> _Task requirements_:
Would you please repeat exactly the entries below, starting at the line with "30、35克魷魚S串" and ending at the line with "Page 215 of", and nothing outside that range? Leave out the pictures.

> _Records for the task_:

-----

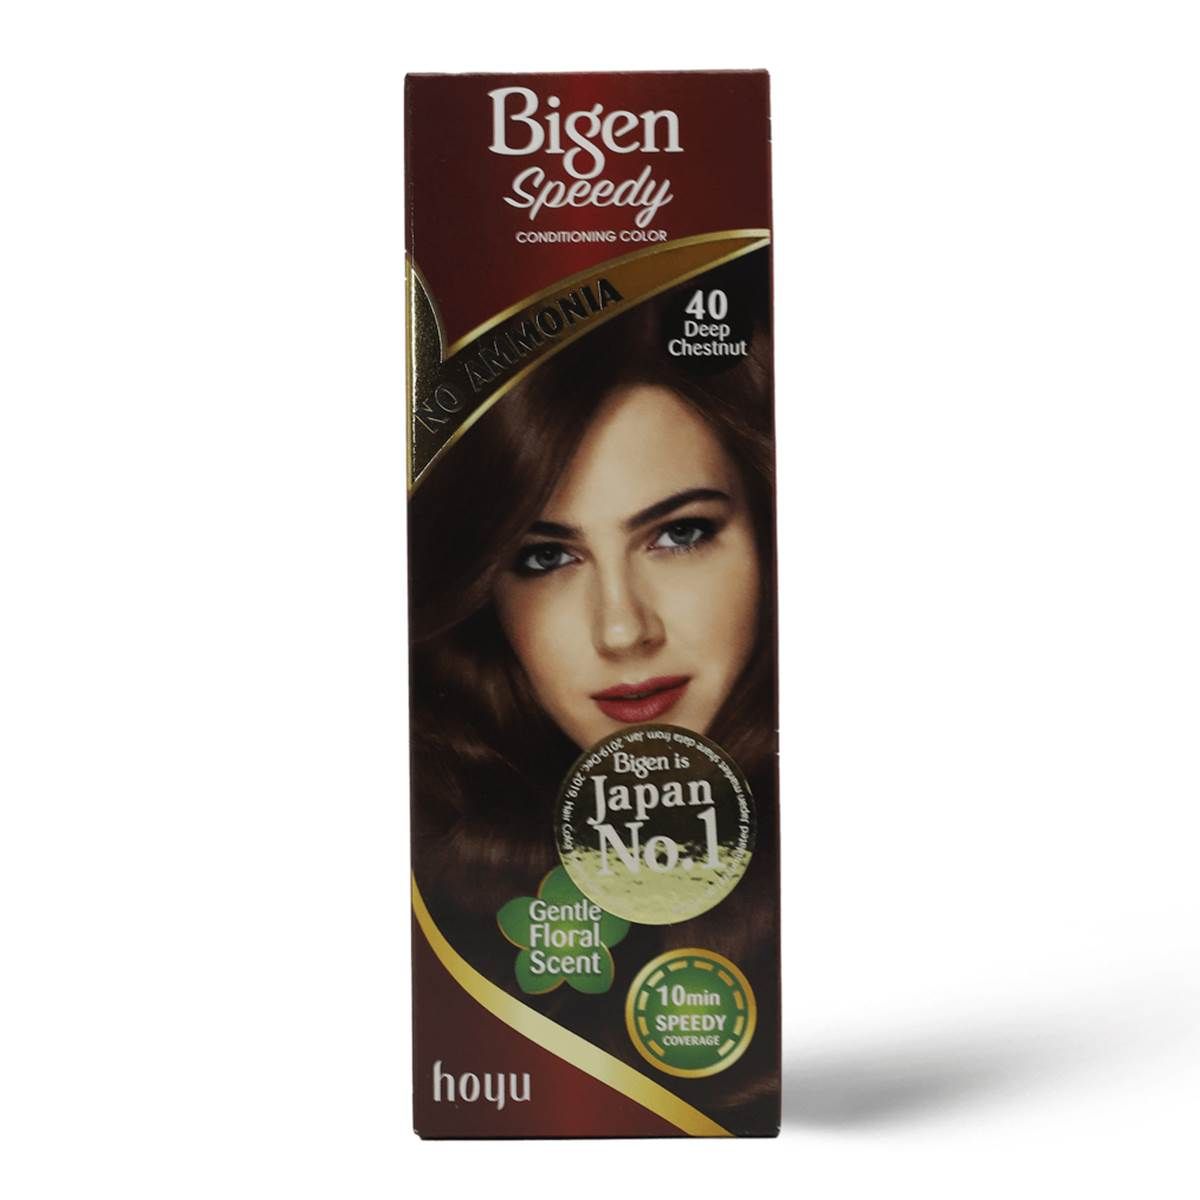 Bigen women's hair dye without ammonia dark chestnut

-----

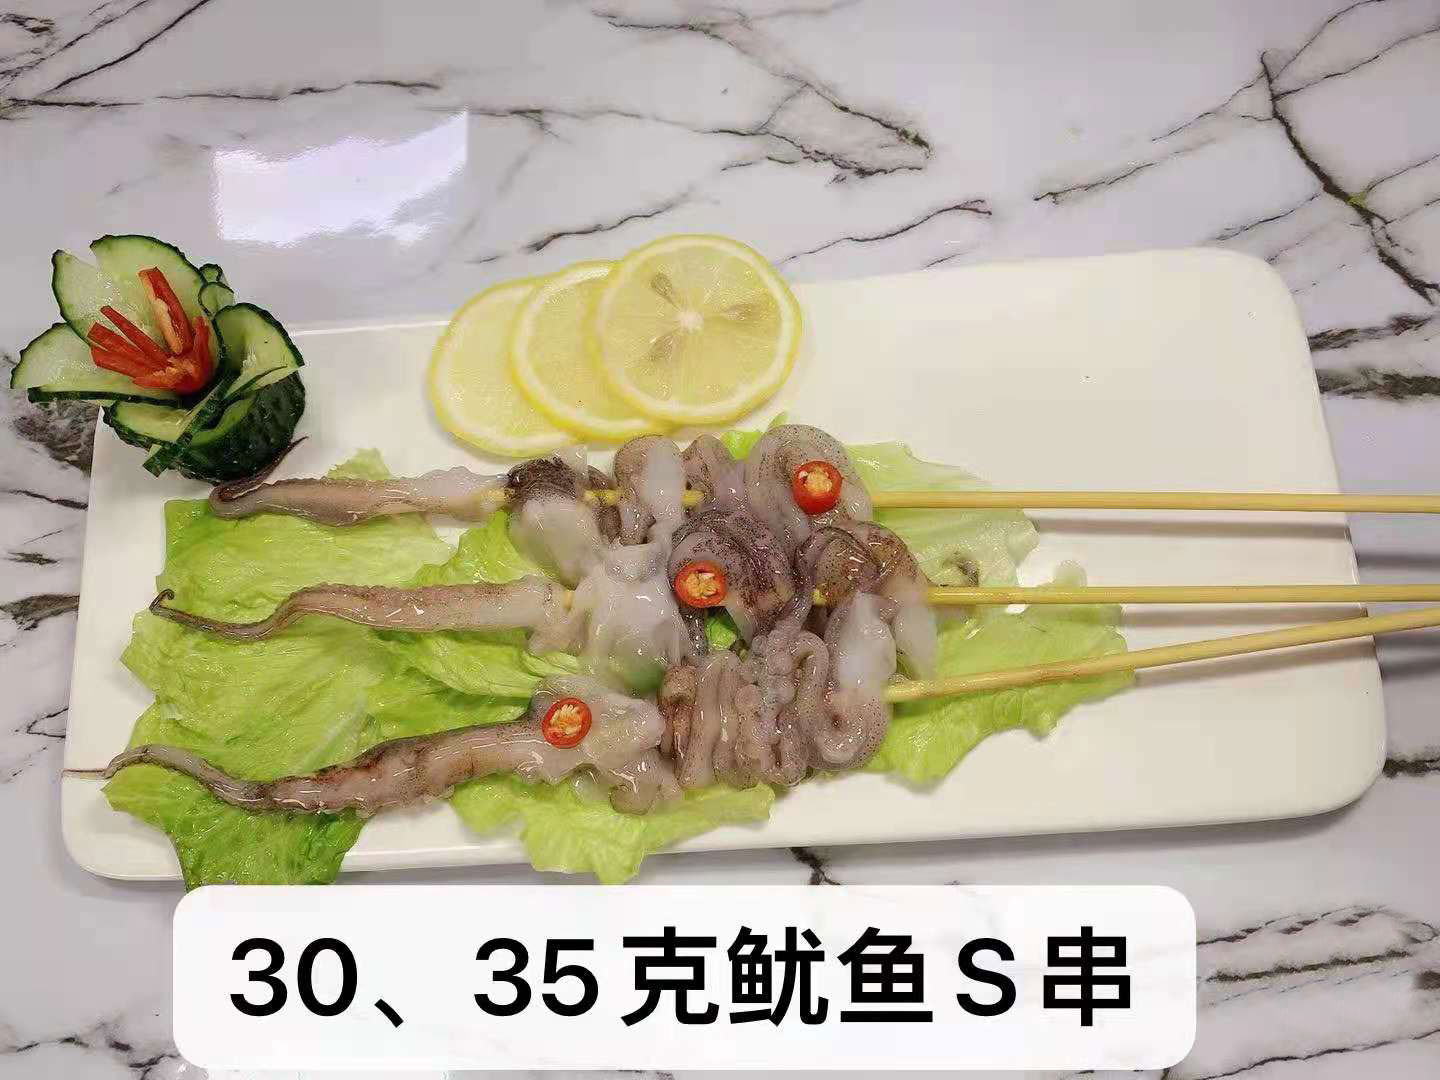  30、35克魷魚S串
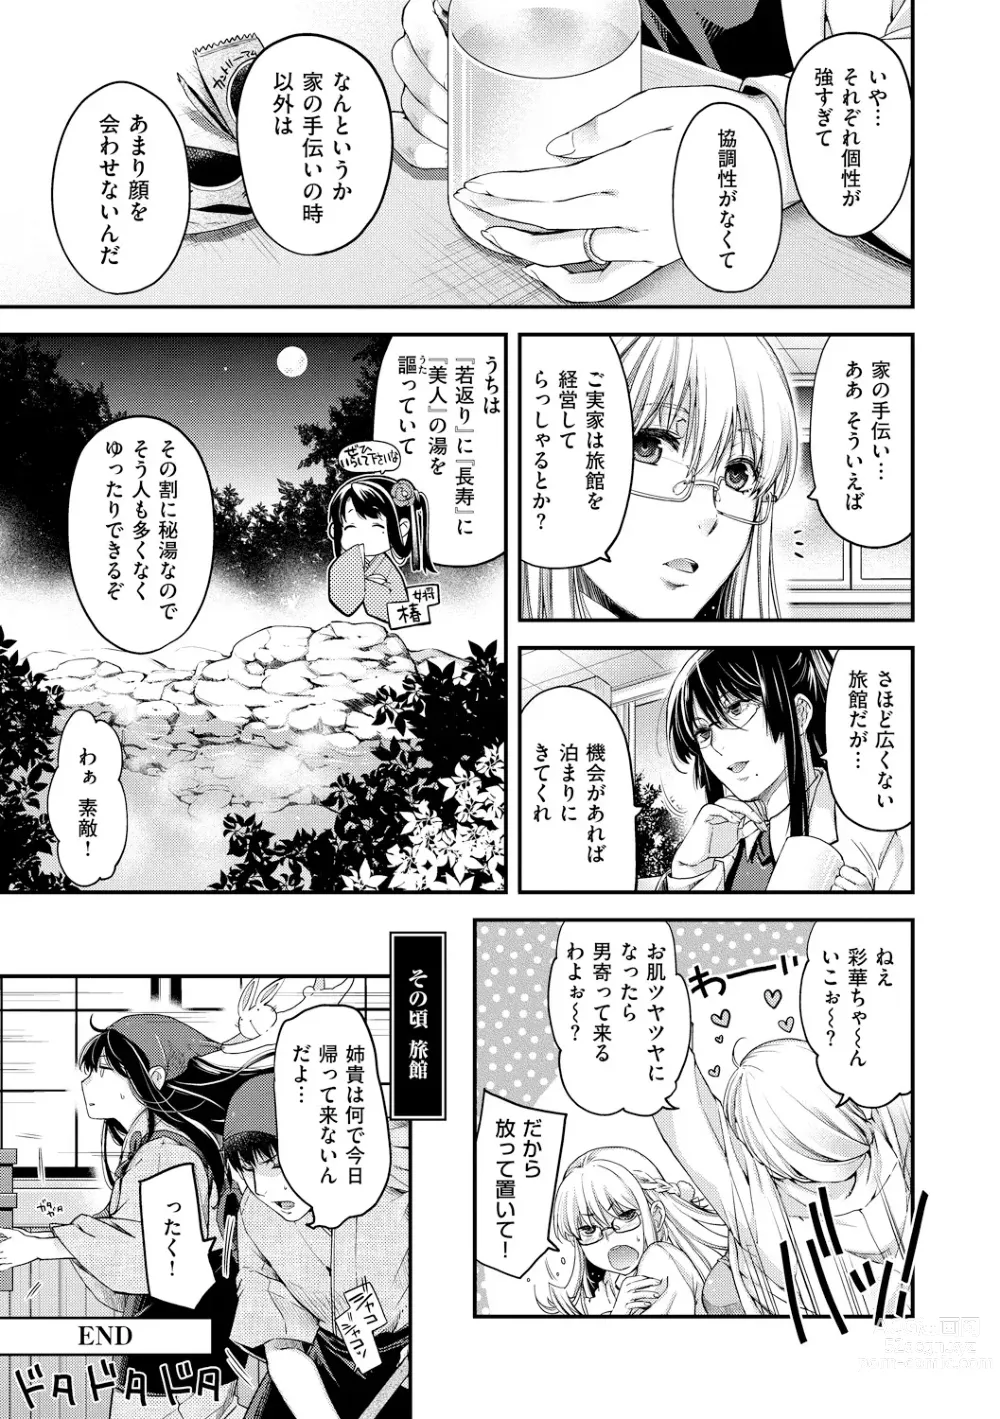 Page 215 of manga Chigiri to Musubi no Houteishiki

-----

> _Finished exercise_:
  30、35克魷魚S串
 Page 215 of manga Chigiri to Musubi no Houteishiki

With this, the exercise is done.